For-profit utility giant PG&E cut off power to nearly 180,000 more Californians Thursday in a purported effort to prevent devastating wildfires, a move that sparked outrage from environmentalists who said the company is making the public pay for its refusal to act on the climate crisis.

"For the second time in two weeks, hundreds of thousands of Californians will be left in the dark by their electricity company and public officials who haven't done enough in the face of climate change," Rachel Rye Butler, climate campaigner with Greenpeace USA, said in a statement. "Vulnerable communities continue to pay the price."

"PG&E is not alone in shouldering the blame. The fossil fuel industry has polluted Californians' air and water for decades and fueled the climate crisis, creating the hotter, drier conditions partially responsible for catastrophic wildfires."
—Rachel Butler, Greenpeace USA

"PG&E is not alone in shouldering the blame," added Butler. "The fossil fuel industry has polluted Californians' air and water for decades and fueled the climate crisis, creating the hotter, drier conditions partially responsible for catastrophic wildfires and the need for power shutoffs across the state."

California's Democratic governor Gavin Newsom slammed PG&E earlier this month for the blackouts and the corporate mismanagement that made them necessary. "They've created these conditions," said Newsom. "This can't be the new normal."

But Butler said Newsom should also be pressed to take climate action that challenges the power of the oil and gas industry and begins "a just transition to phase out oil production in California."

"Governor Gavin Newsom is pointing fingers at PG&E," said Butler, "but things are only going to get worse if Newsom lets the fossil fuel industry carry on business as usual."

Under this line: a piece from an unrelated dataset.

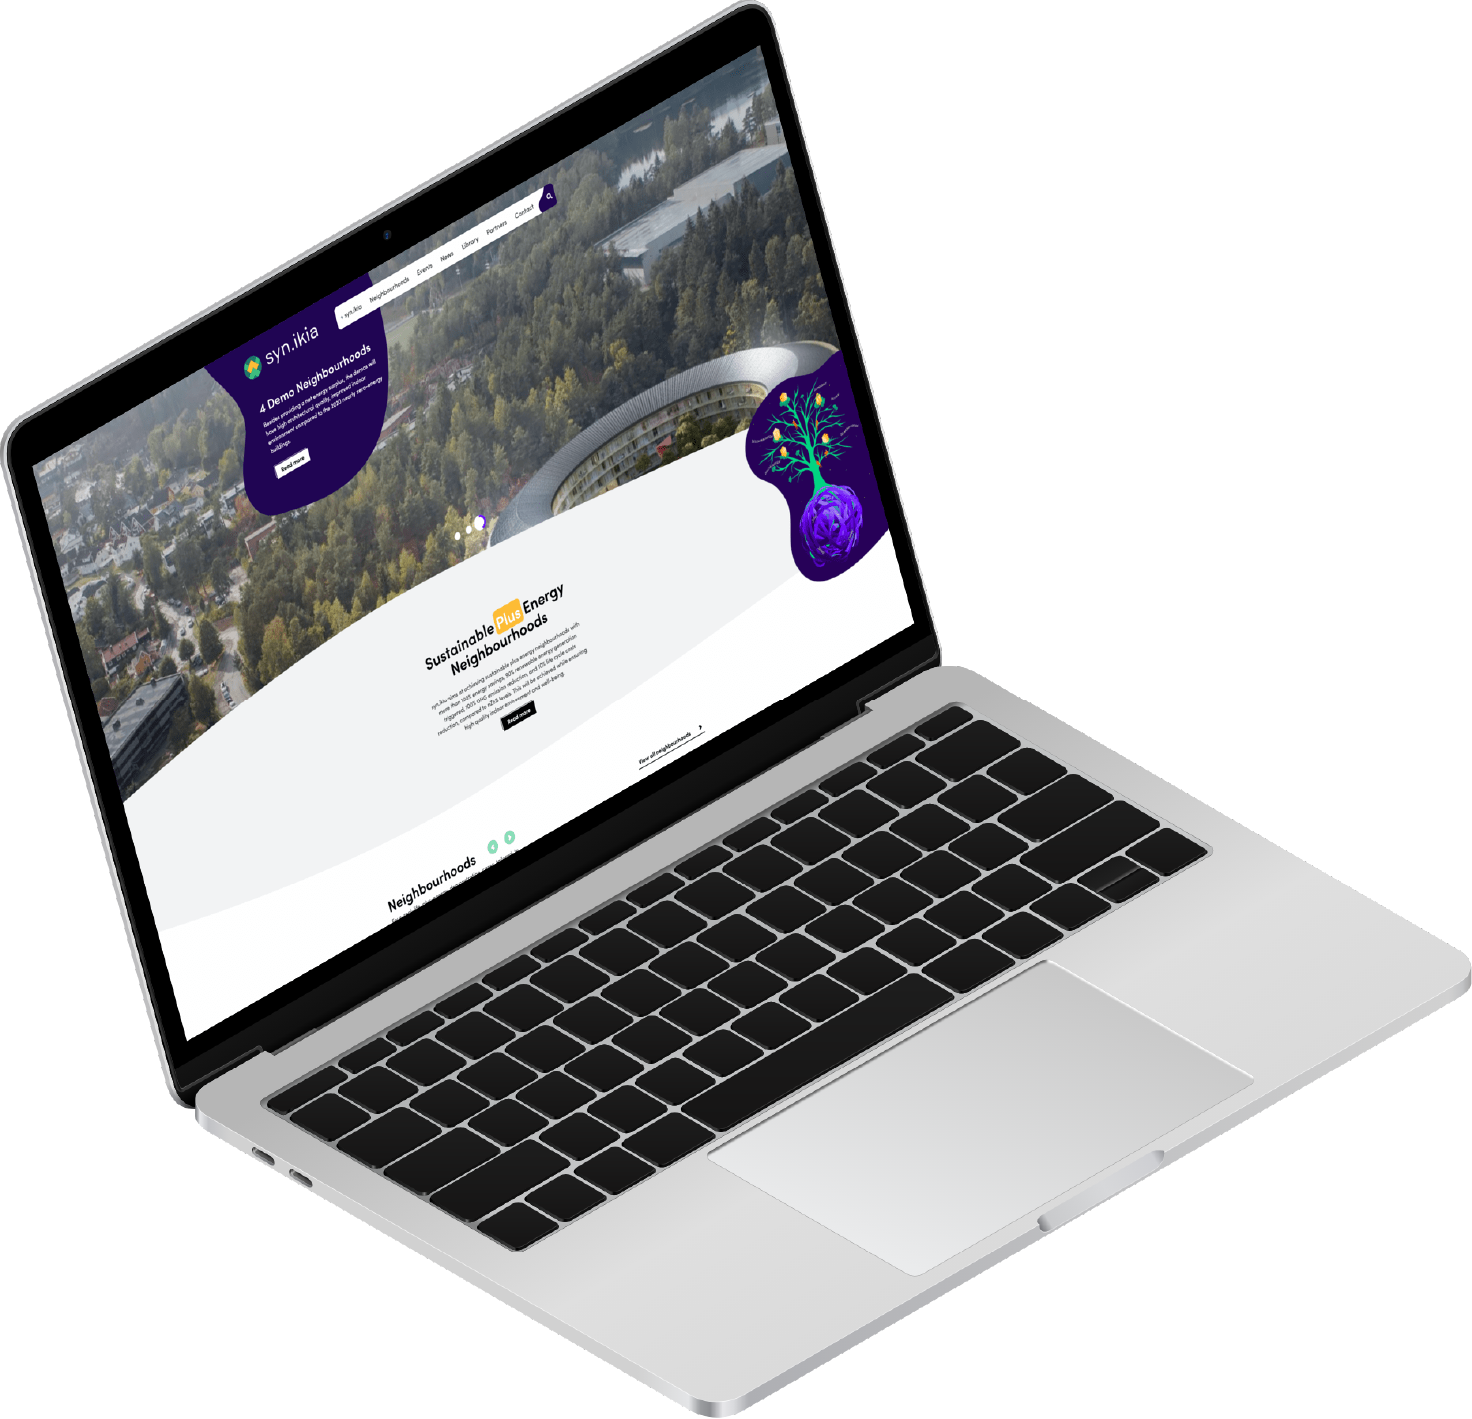 Synikia-website-laten-maken
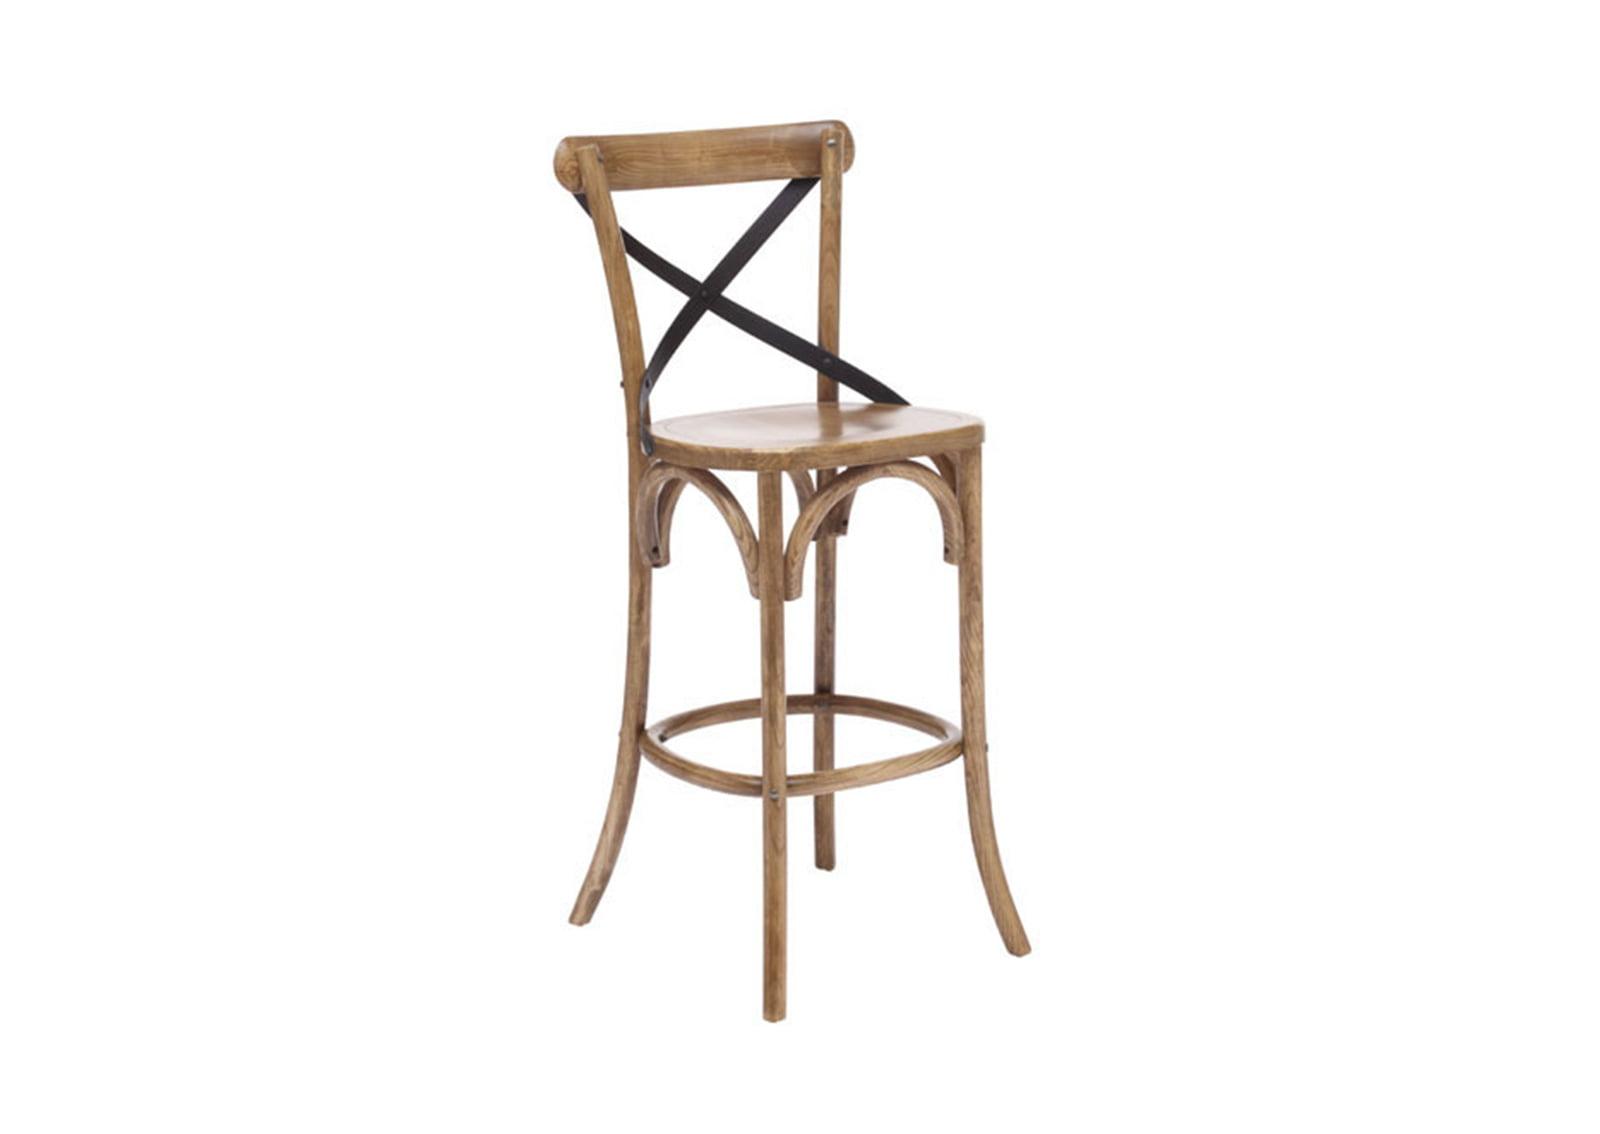 Union Square Bar Chair Furnishplus

As the Los Angeles Times reported, "more than half a million people woke up without power" across California Thursday amid hot weather and strong winds that intensified the wildfires that are currently raging in the state.

"Southern California Edison has shut off power to more than 15,500 customers in five counties—Kern, Riverside, Los Angeles, San Bernardino, and Ventura—as the state braces for a day of strong winds," according to the Times. "The utility is monitoring 286,000 more customers in those areas and Orange County for possible shut-offs as the day progresses."

In a column Wednesday for Fairness and Accuracy in Reporting (FAIR), media critic Joshua Cho documented how corporate media outlets have repeatedly failed to connect the dots between the climate crisis and the corporate malfeasance fueling PG&E's deliberate blackouts.

"Just as the human contribution to climate change can magnify disasters," Cho wrote, "corporate media coverage often bolsters public confusion and ignorance about the causes of climate disruptions like these utility blackouts, and serves to hinder action that doesn't depend on investors profiting off the current climate status quo."

"Despite what corporate media would have us believe," argued Cho, "we really don't need to choose between enduring deliberate blackouts from for-profit utilities or hazarding deadly fires and widespread power shortages."